On 2017/11/22 0:48, Dmitry Vyukov wrote:
> On Tue, Nov 21, 2017 at 8:17 PM, Wengang Wang <wen.gang.wang@oracle.com> wrote:
>>>>> On Mon, Nov 20, 2017 at 9:05 PM, Wengang <wen.gang.wang@oracle.com>
>>>>> wrote:
>>>>>>
>>>>>> On 11/20/2017 12:41 AM, Dmitry Vyukov wrote:
>>>>>>>
>>>>>>>> The reason I didn't submit the vchecker to mainline is that I didn't
>>>>>>>> find
>>>>>>>> the case that this tool is useful in real life. Most of the system
>>>>>>>> broken
>>>>>>>> case
>>>>>>>> can be debugged by other ways. Do you see the real case that this
>>>>>>>> tool
>>>>>>>> is
>>>>>>>> helpful?
>>>>>>> Hi,
>>>>>>>
>>>>>>> Yes, this is the main question here.
>>>>>>> How is it going to be used in real life? How widely?
>>>>>>>
>>>>>> I think the owner check can be enabled in the cases where KASAN is
>>>>>> used.
>>>>>> --
>>>>>> That is that we found there is memory issue, but don't know how it
>>>>>> happened.
>>>>>
>>>>> But KASAN generally pinpoints the corruption as it happens.

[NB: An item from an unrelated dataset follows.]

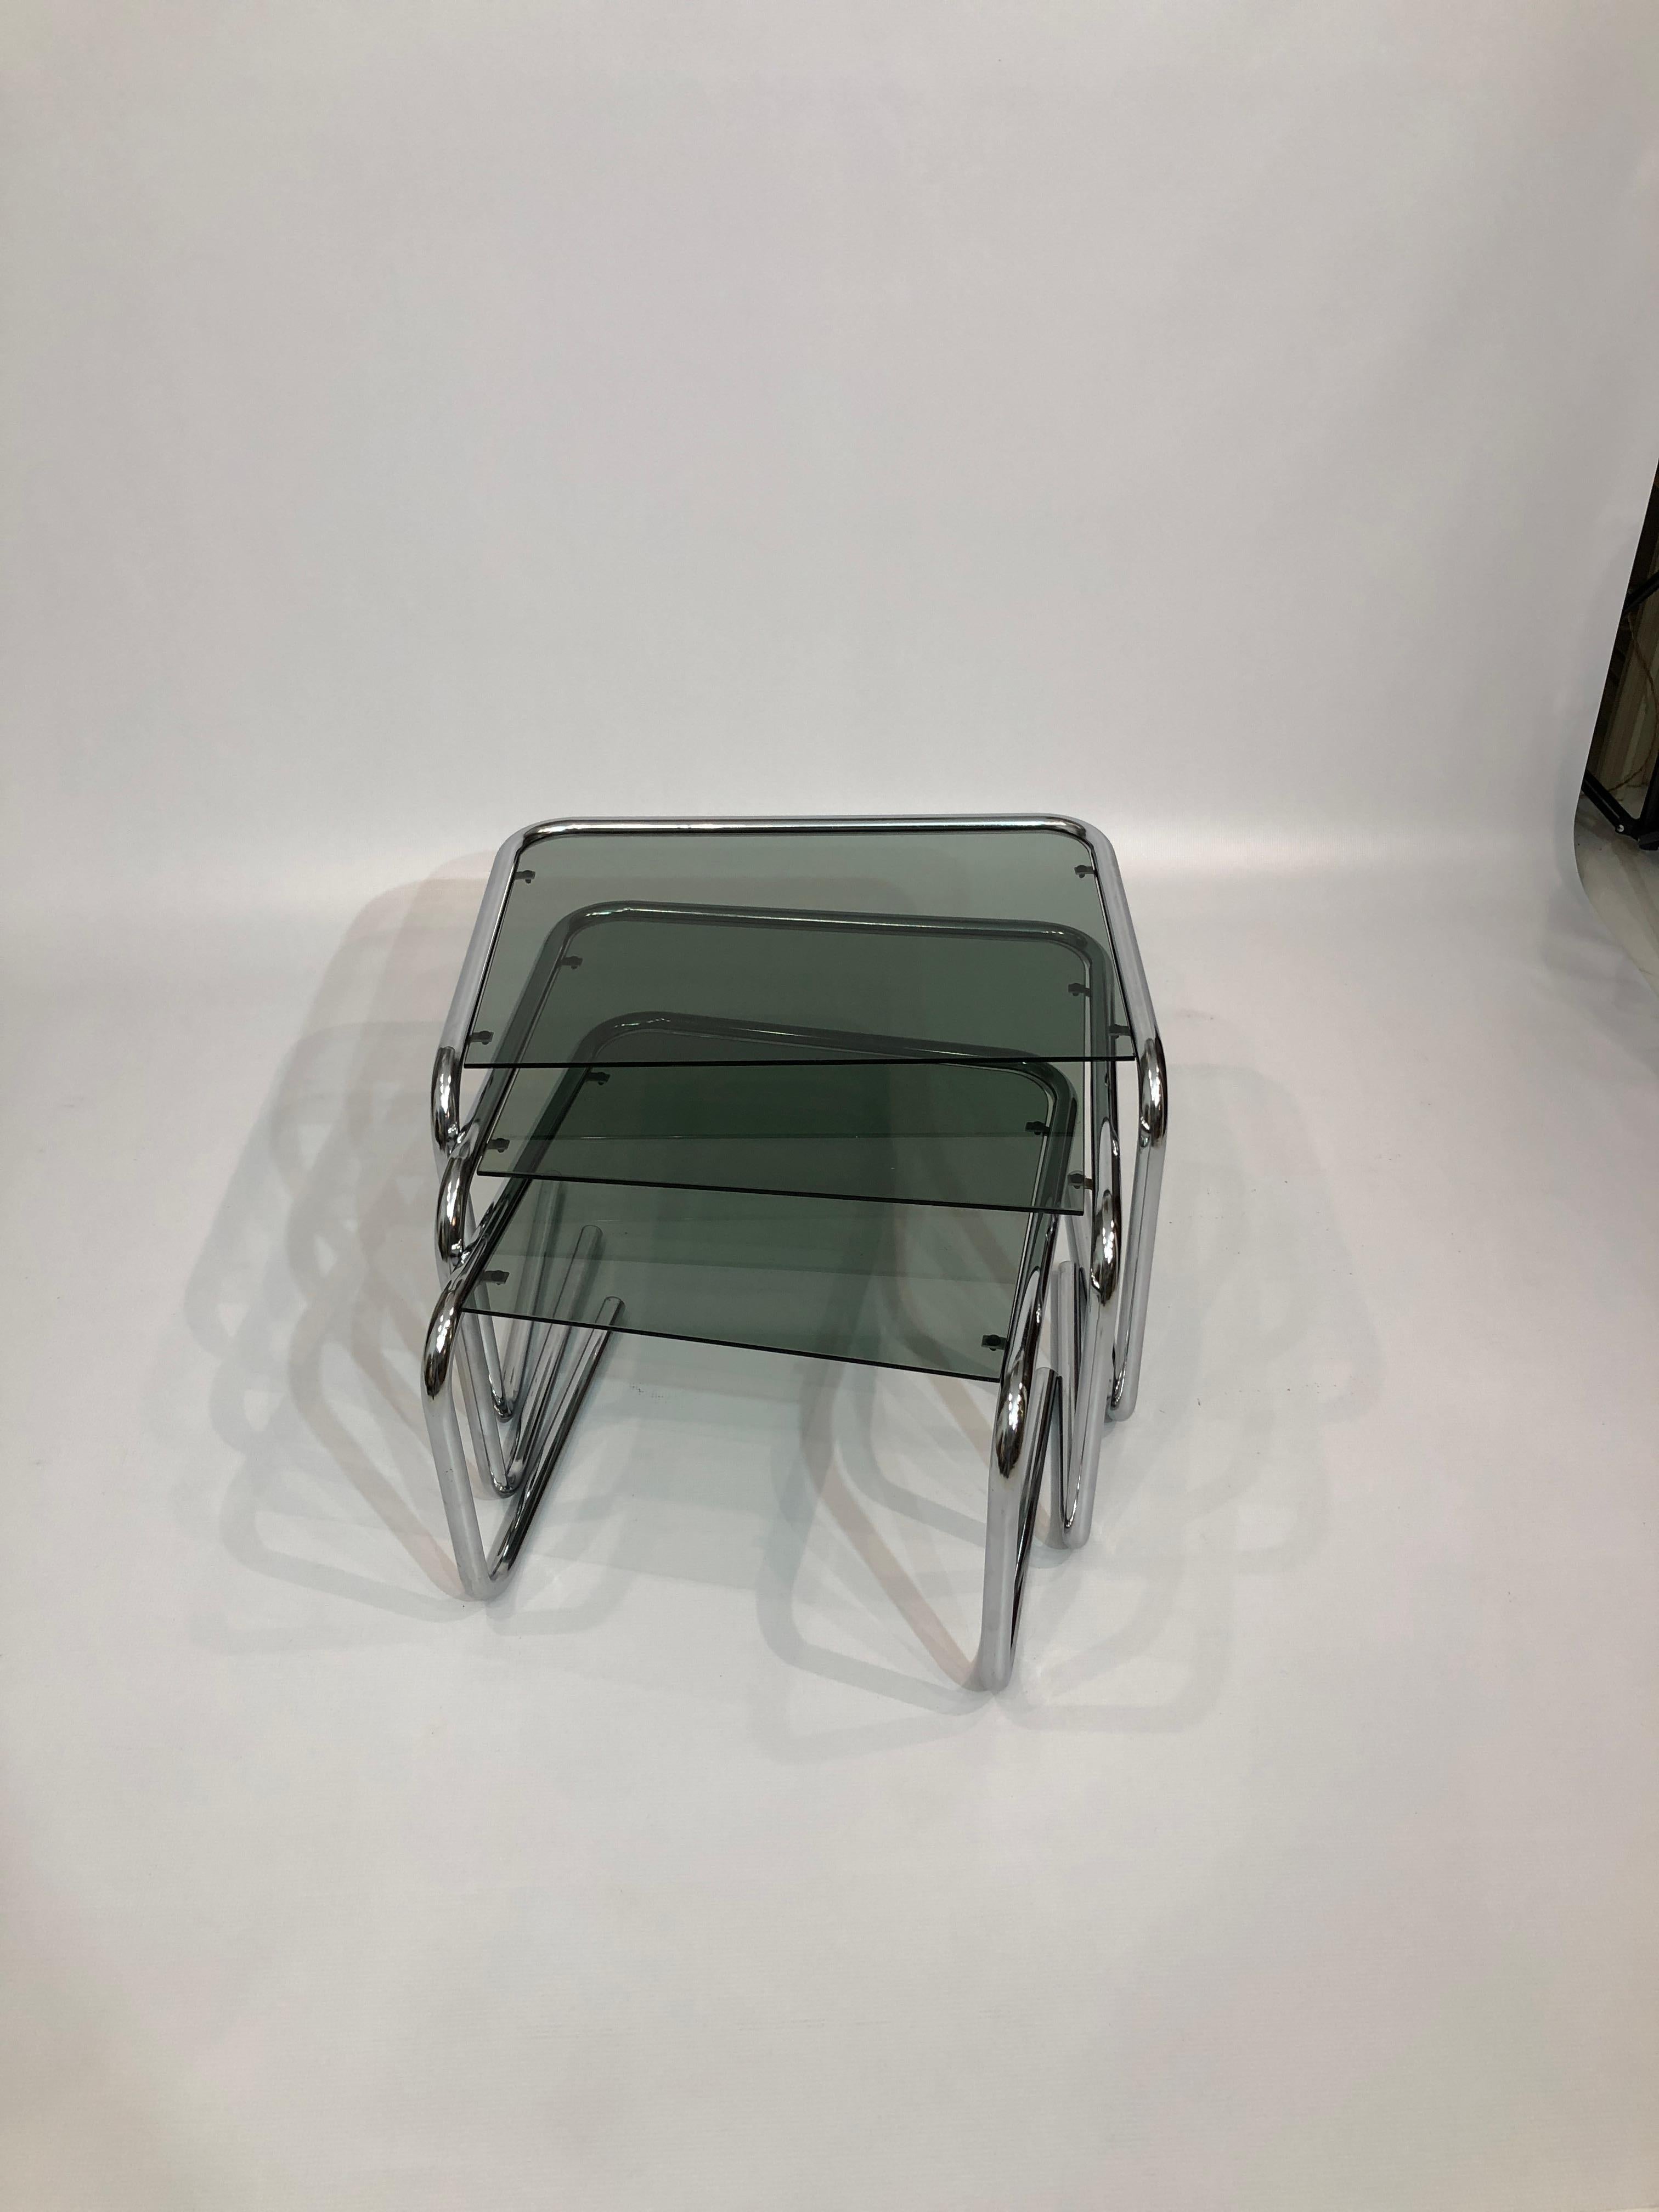 Italian Postmodern Nesting Side Tables 1970s Chrome Cantilever Pieff Style Smoked Glass

Why do we
>>>>> need something else?
>>>>
>>>> Currently (without this patch set) kasan can't detect the overwritten
>>>> issues
>>>> that happen on allocated memory.
>>>>
>>>> Say, A allocated a 128 bytes memory and B write to that memory at offset
>>>> 0
>>>> with length 100 unexpectedly.  Currently kasan won't report error for any
>>>> writing to the offset 0 with len <= 128 including the B writting.  This
>>>> patch lets kasan report the B writing to offset 0 with length 100.
>>>
>>> So this will be used for manual debugging and you don't have plans to
>>> annotate kernel code with additional tags, right?
>> I am not sure what do you mean by "manual debugging". What is needed to use
>> the owner check is:
>> The memory user needs to do:
>> 1)  code change: register the checker with the allowed functions
>> 2)  code change: bind the memory to the checker
>> 3)  recompile the kernel
>> 4)  run with the recompiled kernel and reproduce the issue
> Yes, I meant exactly this -- developer does manual work, including
> code changes, on a per-bug basis.
> This is not the current usage model for KASAN, hence I am asking.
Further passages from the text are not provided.